Pull, or kanban, systems do just the opposite. Job shops have successfully implemented pull systems to control flow between resources, which are typically shared. However, it is a sequential pull rather than the “supermarket” approach.

While the supermarket approach centers around the flow of products, the sequential approach focuses on the flow of orders. Orders are pulled in sequence to meet the demands of production. For instance, the welding department pulling the next order triggers events like order releases, purchase orders, and upstream processes like cutting and bending. The result: All components for a job flow quickly from one workstation to the next, and arrive at final assembly at just the right time.

The specifics depend largely on the job shop’s customer and process mix. Still, the underlying idea remains the same: What to work on next hinges on the actual flow of jobs.

A pull system is a decision-making system. Once you identify proper decision-making regarding the release of work to and the movement within production, you can incorporate them into the pull system and give associates a powerful method to control flow.

Step 9: Continuously Improve

At this point the focus moves to continuously improving performance of key metrics: throughput (typically measured in dollars), on-time delivery, inventory turns, order-to-cash lead time, quote conversion rates, and more. But be advised, after an initial bump, improving these metrics isn’t easy for a custom fabricator. Leaders must be diligent. Job mix and other conditions change quickly.

Moreover, new business development must align with a custom fabricator’s capabilities. Sales should not chase after new business that a fabricator cannot handle efficiently and effectively. If they do, performance will suffer.
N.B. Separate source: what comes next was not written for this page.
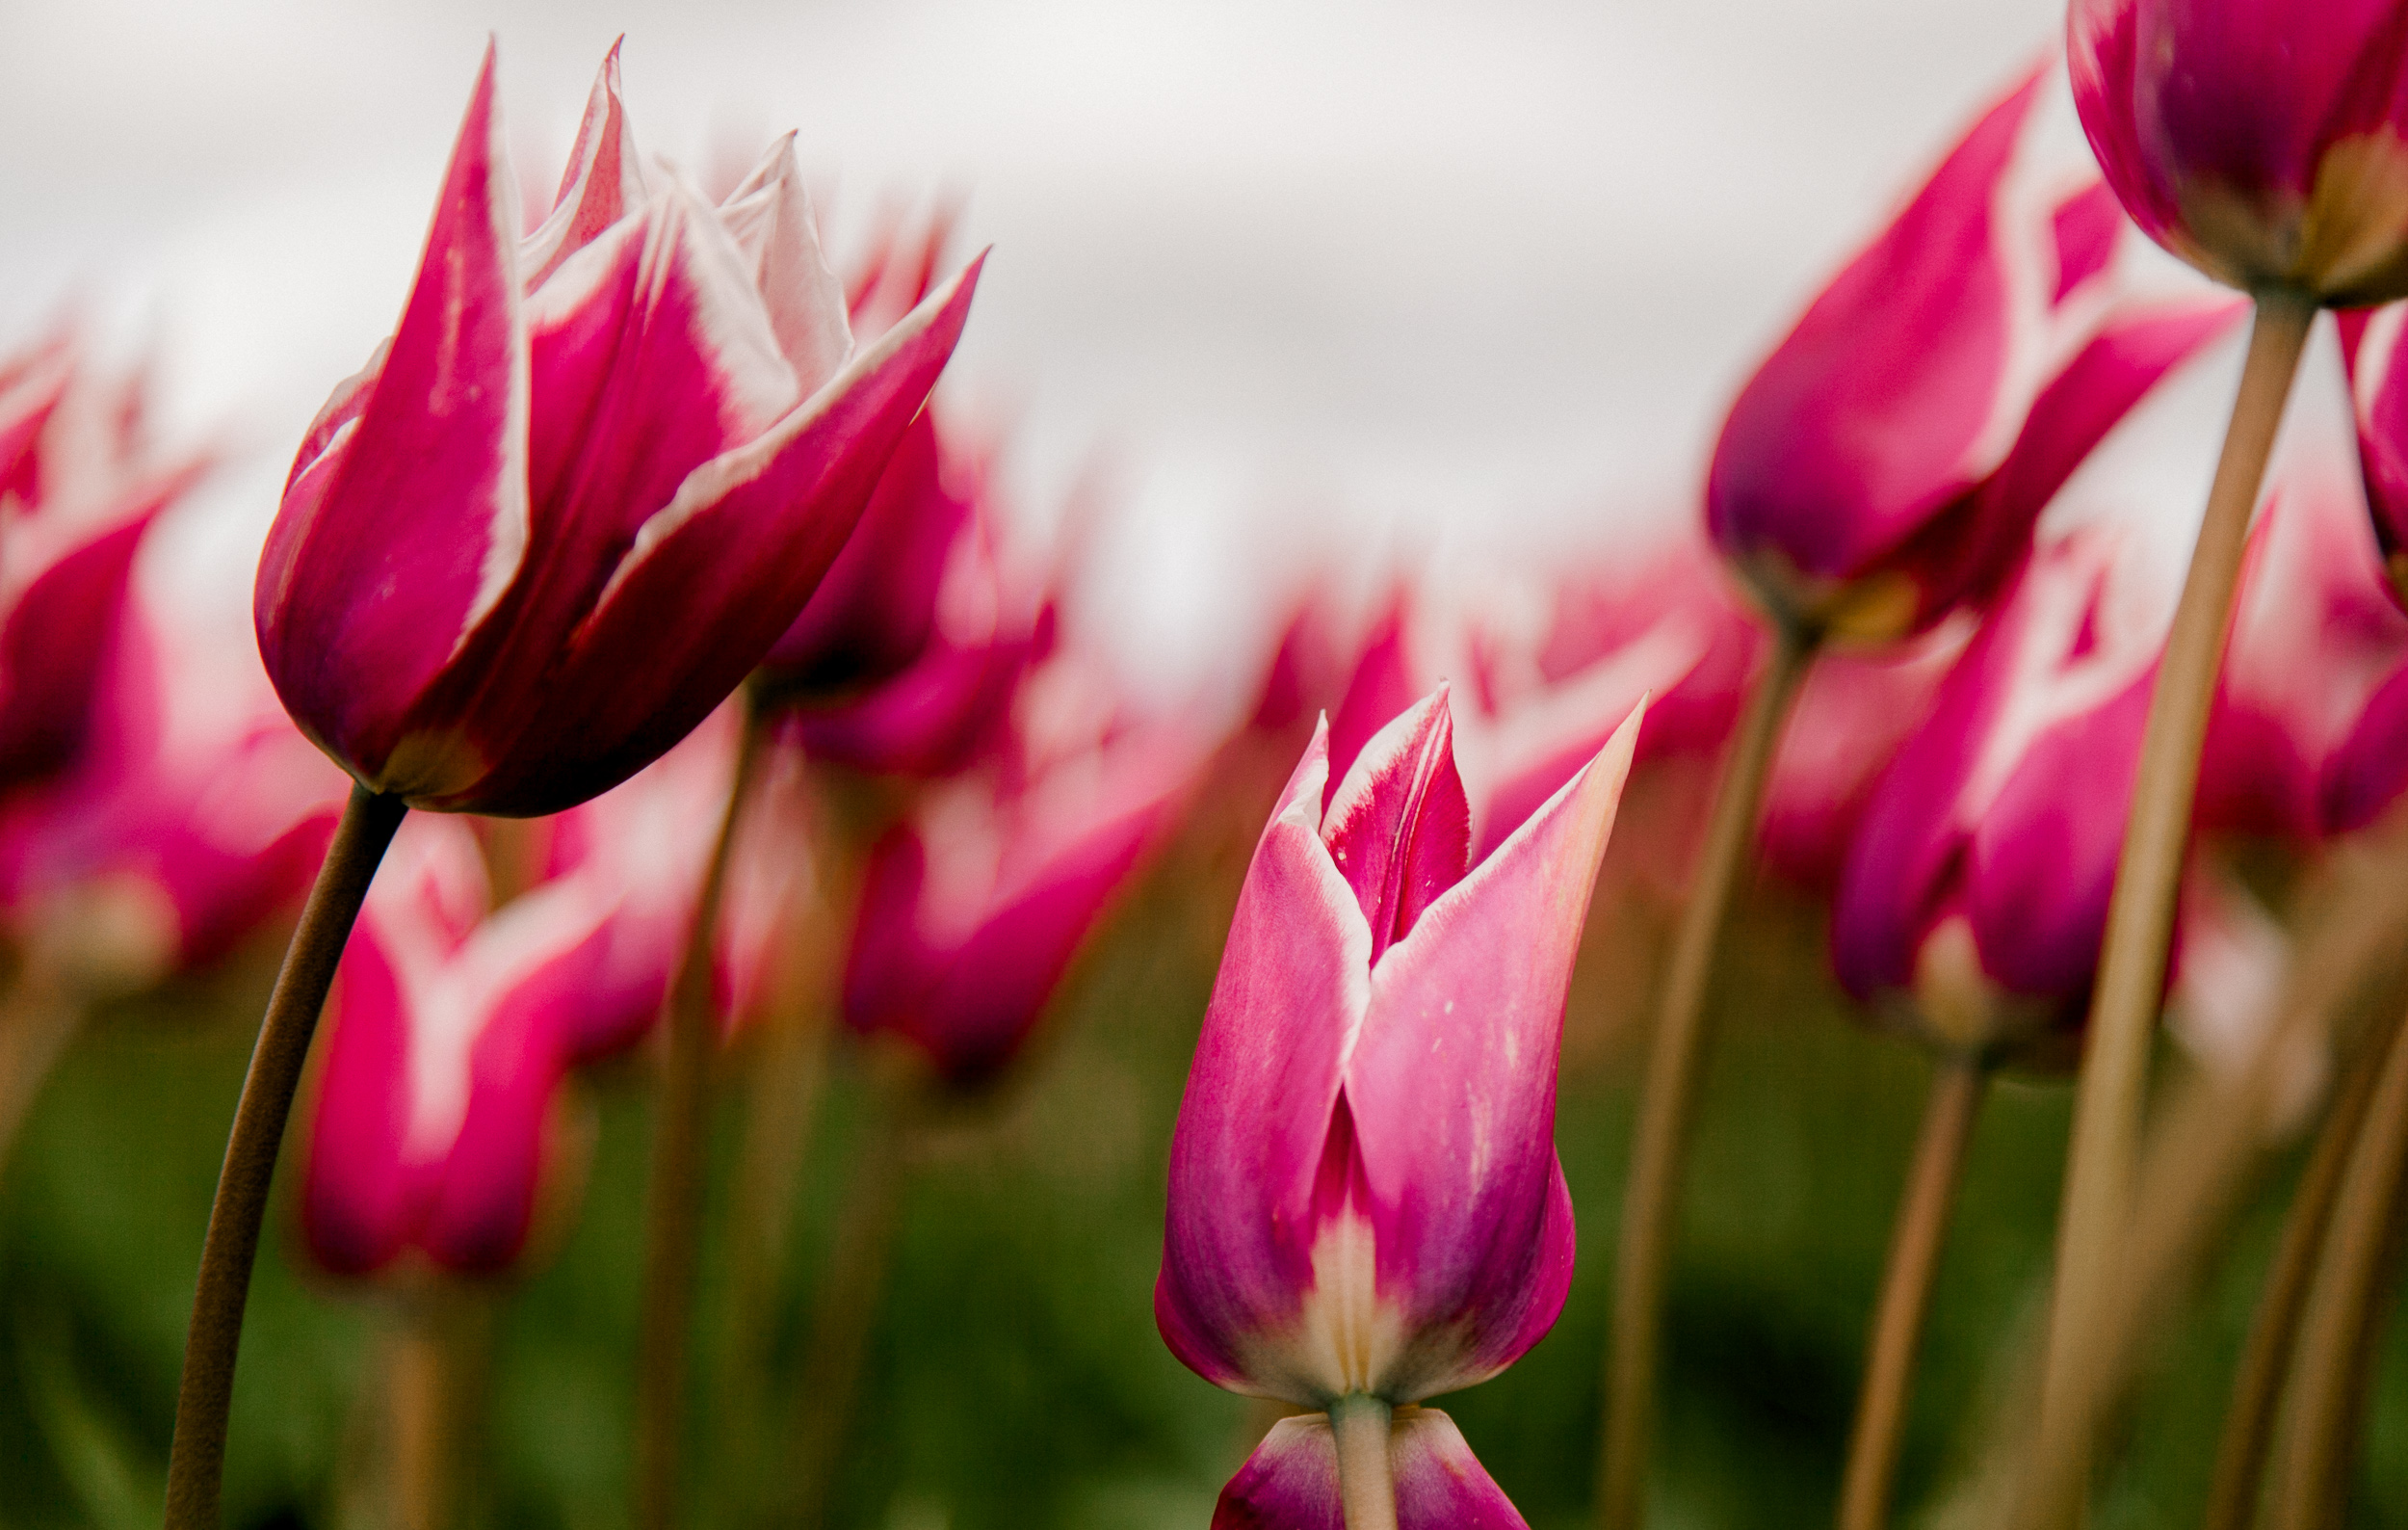 tulips-skagit-wa-abbey-taylor-6.jpg

There is no such thing as infinite capacity or infinite flexibility.

This is not to say that the system will be static over time. You need to review and revise the system if a new business strategy warrants it. Until that time, everyone needs to maintain discipline and focus to keep sales and operations working together—with everyone working for the benefit of the entire organization.
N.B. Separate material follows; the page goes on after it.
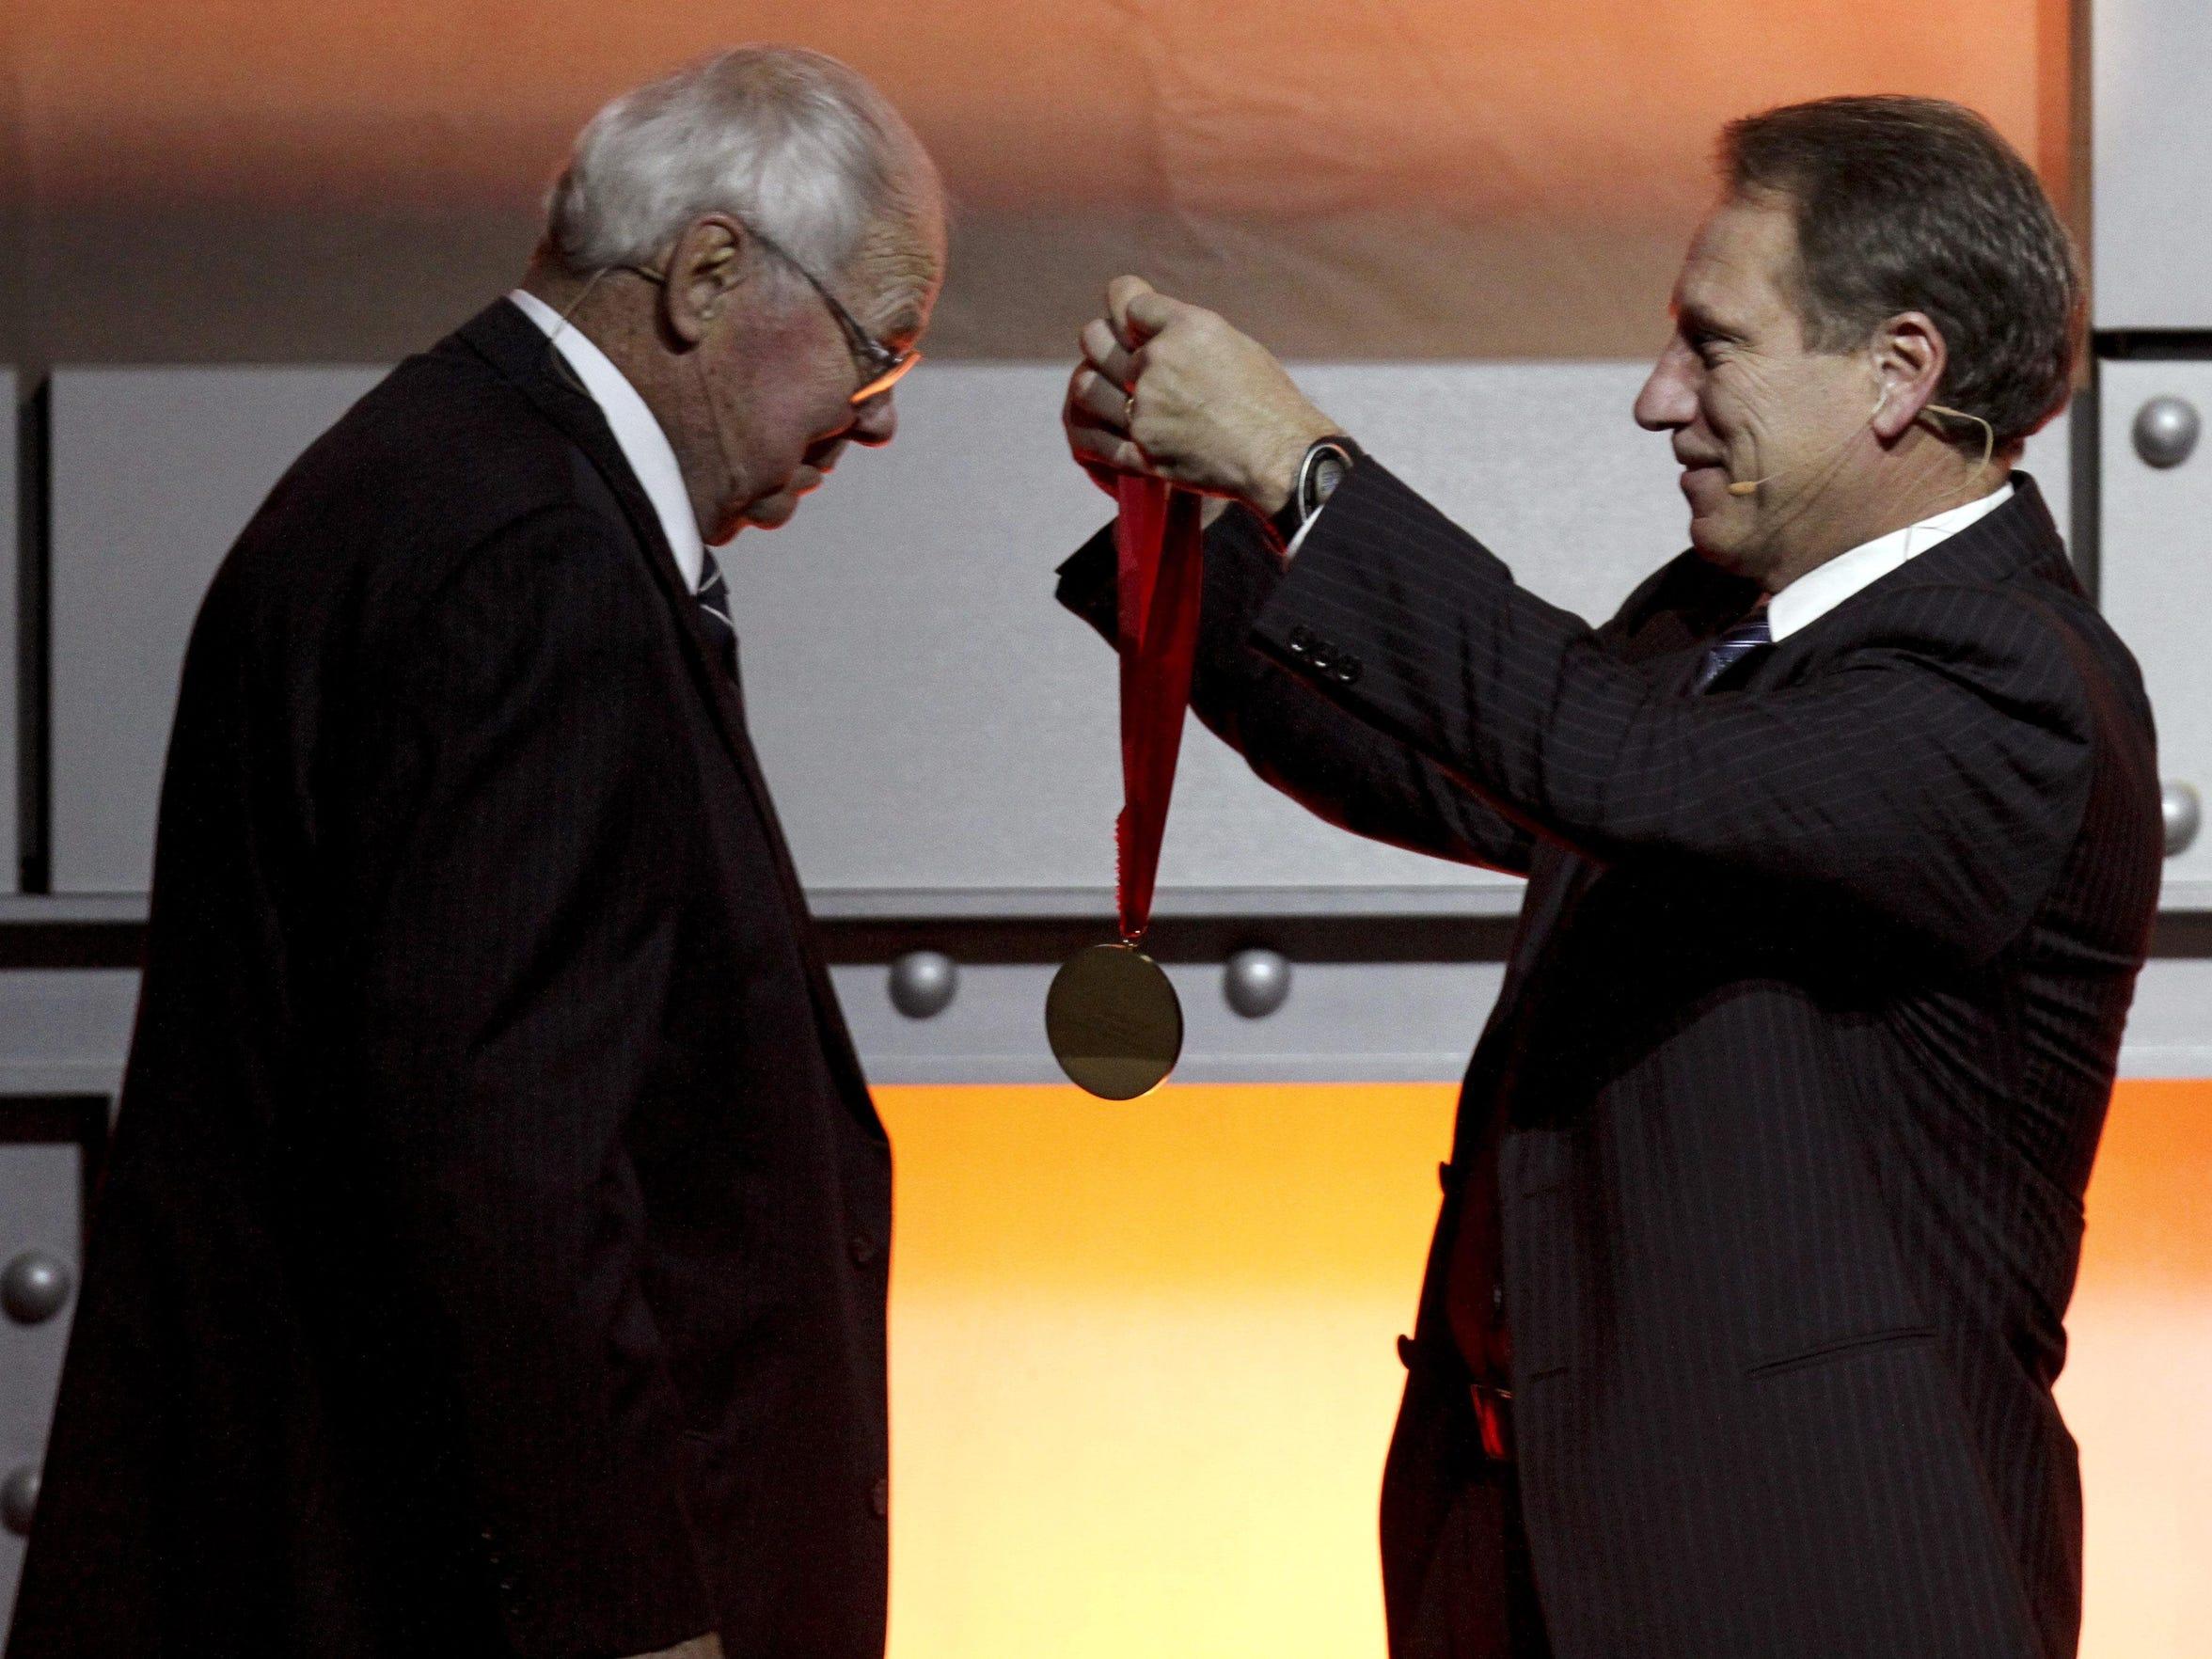 Former Michigan State basketball coach Jud Heathcote,

“How Can We Make That Work Here?”

I have worked with many make-to-order companies, including custom fabricators, throughout the 1990s and into the 2000s. You might say that I cut my lean teeth in the custom world.

Learning what works for your circumstances will come only through experimentation. For every successful lean manufacturing initiative that I have witnessed, business leaders never said, “That won’t work here.” Rather, they asked, “How can we make that work here?”